The attack came as senior congressional aides were reported as saying the White House wanted to block public testimony in Congress next month from war commander General David Petraeus and US ambassador to Baghdad Ryan Crocker. 0817 05

Democrats are also angry the assessment on the surge, required under US law, will be written at the White House, not personally by Crocker and Petraeus.

But the White House accused Democrats of playing political games with war strategy, and made clear the two men would appear in public.

Senate Democratic Majority leader Harry Reid accused the White House of launching an attempt to mask candid testimony on the strategy.

"If the president is going to continue to ask American soldiers to fight in this civil war ... then those closest to the situation on the ground must give Congress and the American people a frank and honest account of this war free of White House spin," he said.

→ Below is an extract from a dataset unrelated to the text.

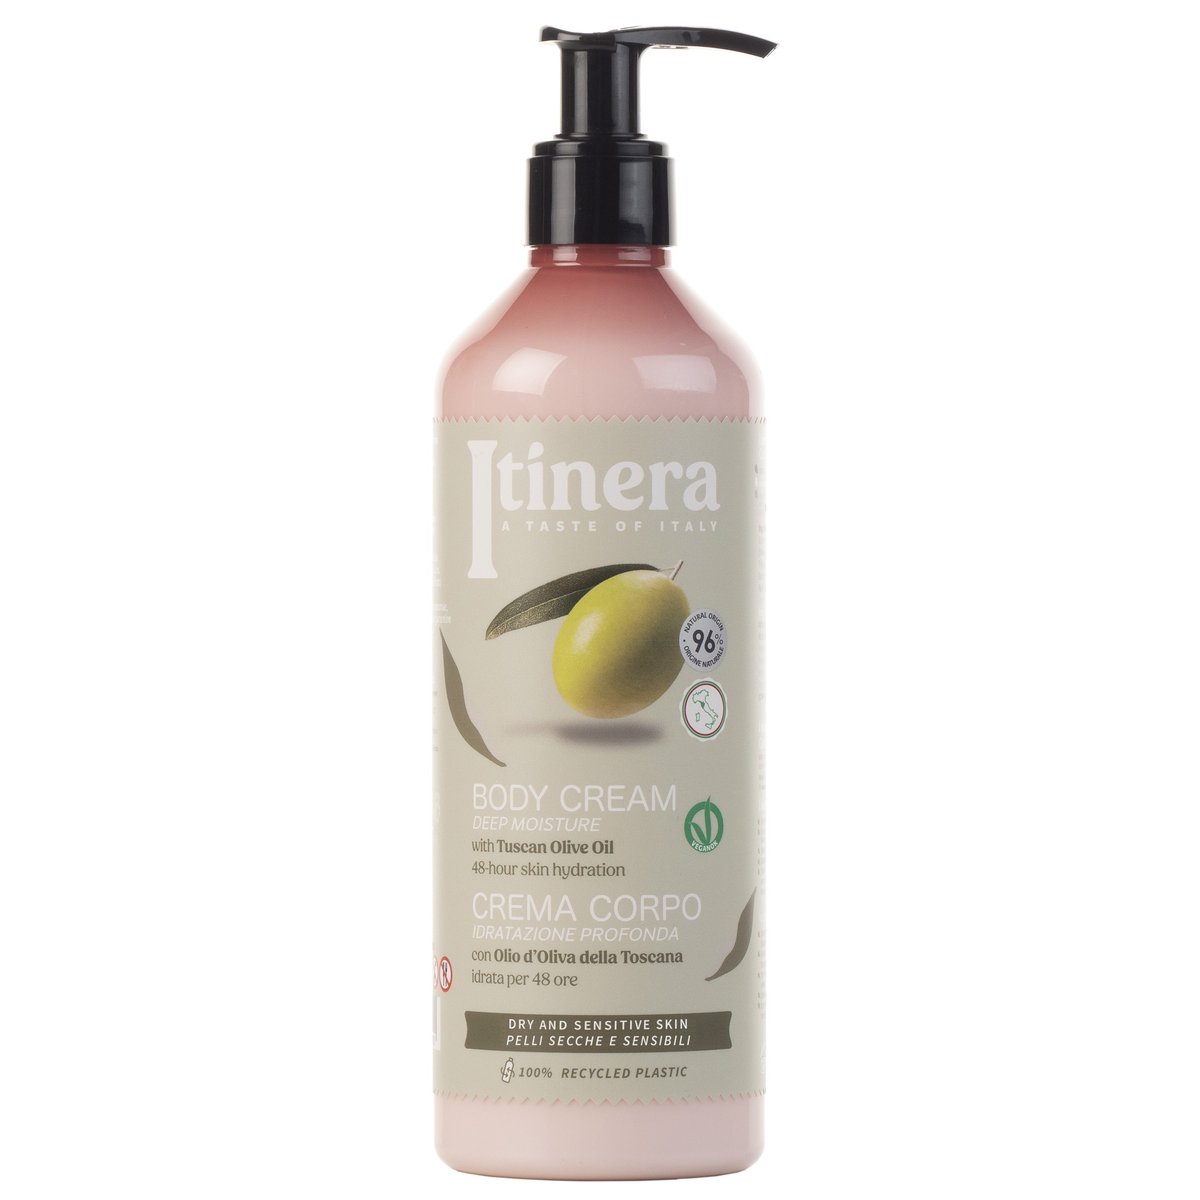 Itinera, Nawilżający balsam do ciała dla skóry suchej i wrażliwej z toskańską oliwą z oliwek, 96% naturalnych składników, 4x370 ml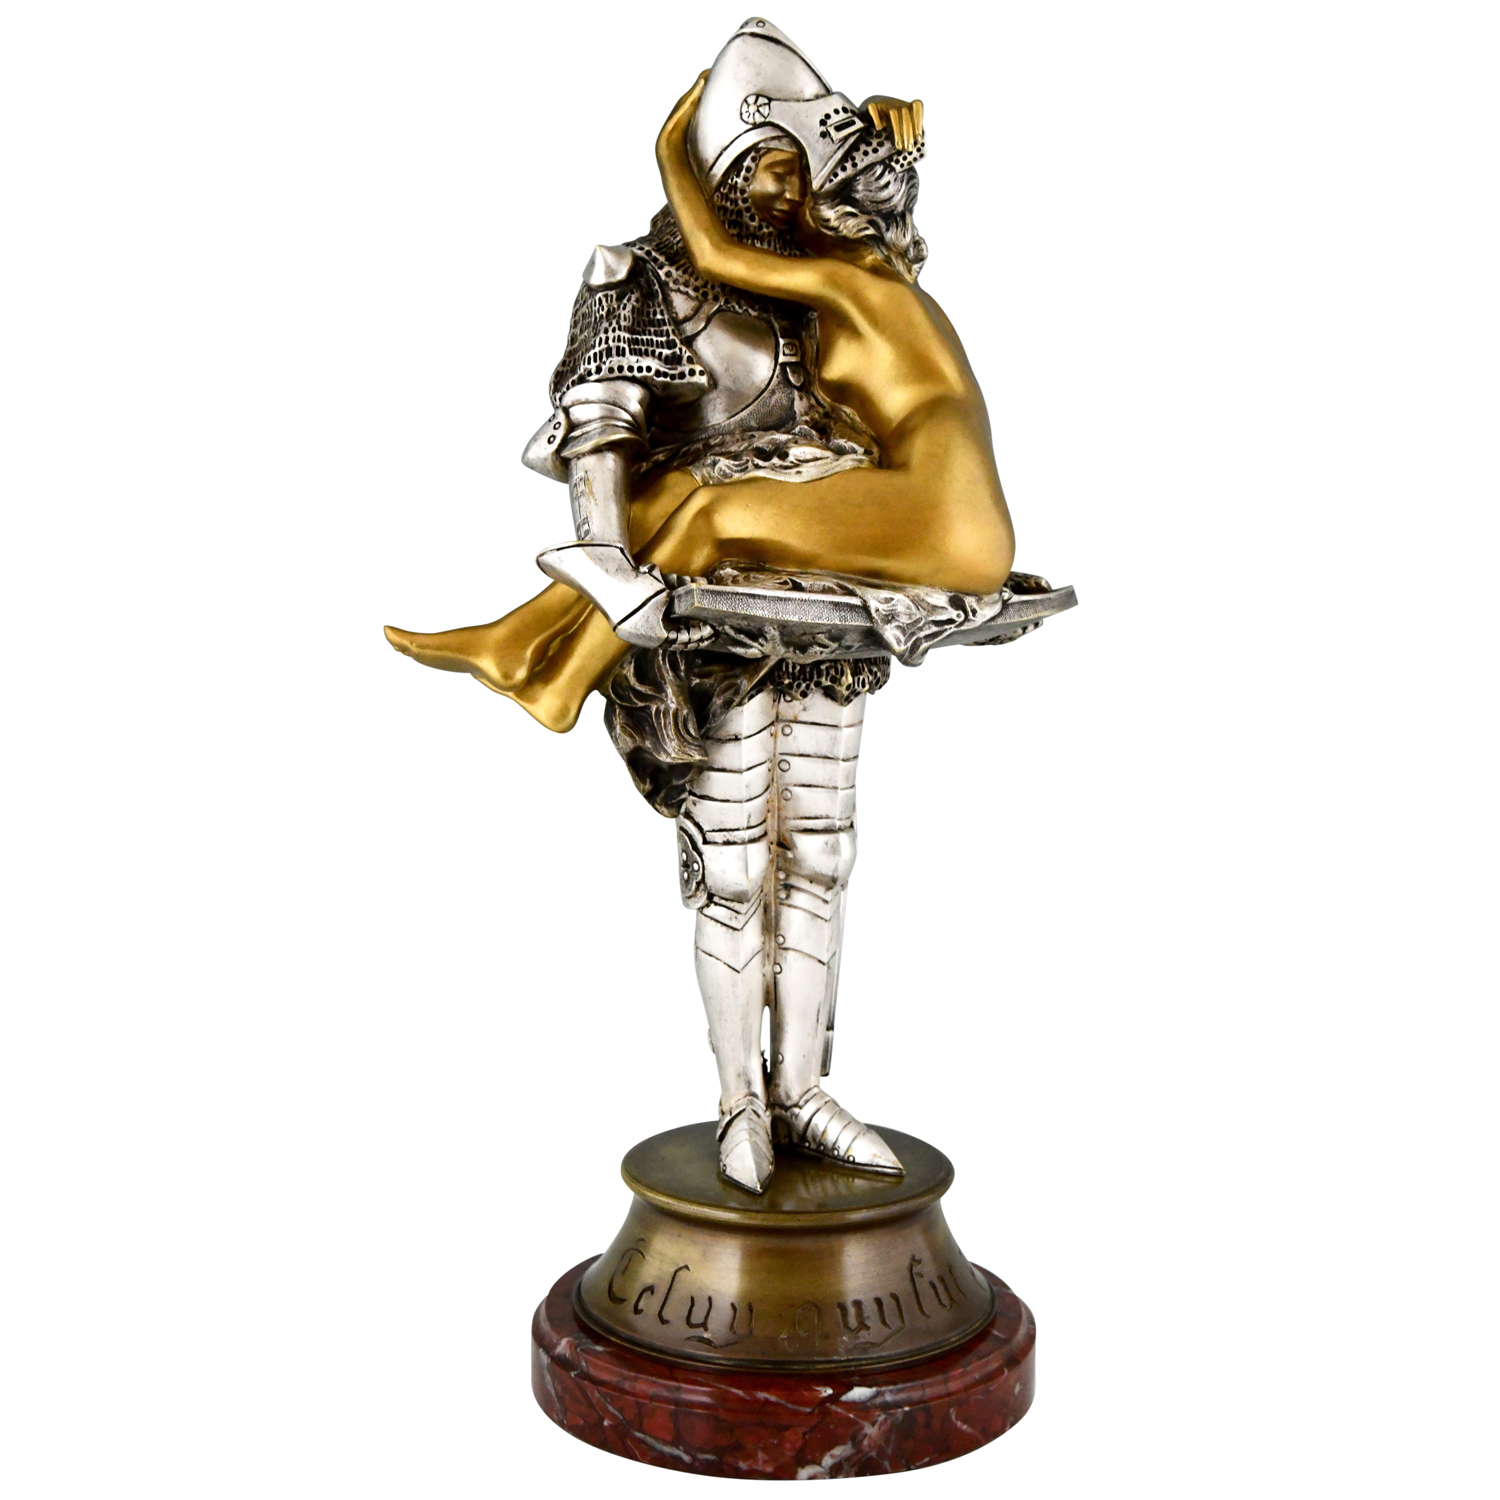 Art Nouveau bronzen sculptuur ridder met naakte vrouw

But National Security Council spokesman Gordon Johndroe denied there had been an attempt to limit testimony by Petraeus and Crocker, as reported by Thursday's Washington Post.

"General Petraeus and Ambassador Crocker will testify to the Congress in both open as well as closed sessions," he said in Crawford, Texas, where Bush is on vacation.

"It's unfortunate that anyone would suggest that they would not do that; trying to start a fight where there really isn't one, because this has always been the plan."

The law requiring the Iraq war report by September 15 states that "the president shall submit" the assessment to Congress after consulting top military brass, the US ambassador to Baghdad and his national security team.

It does not specify that the report must be the direct work of Crocker and Petraeus.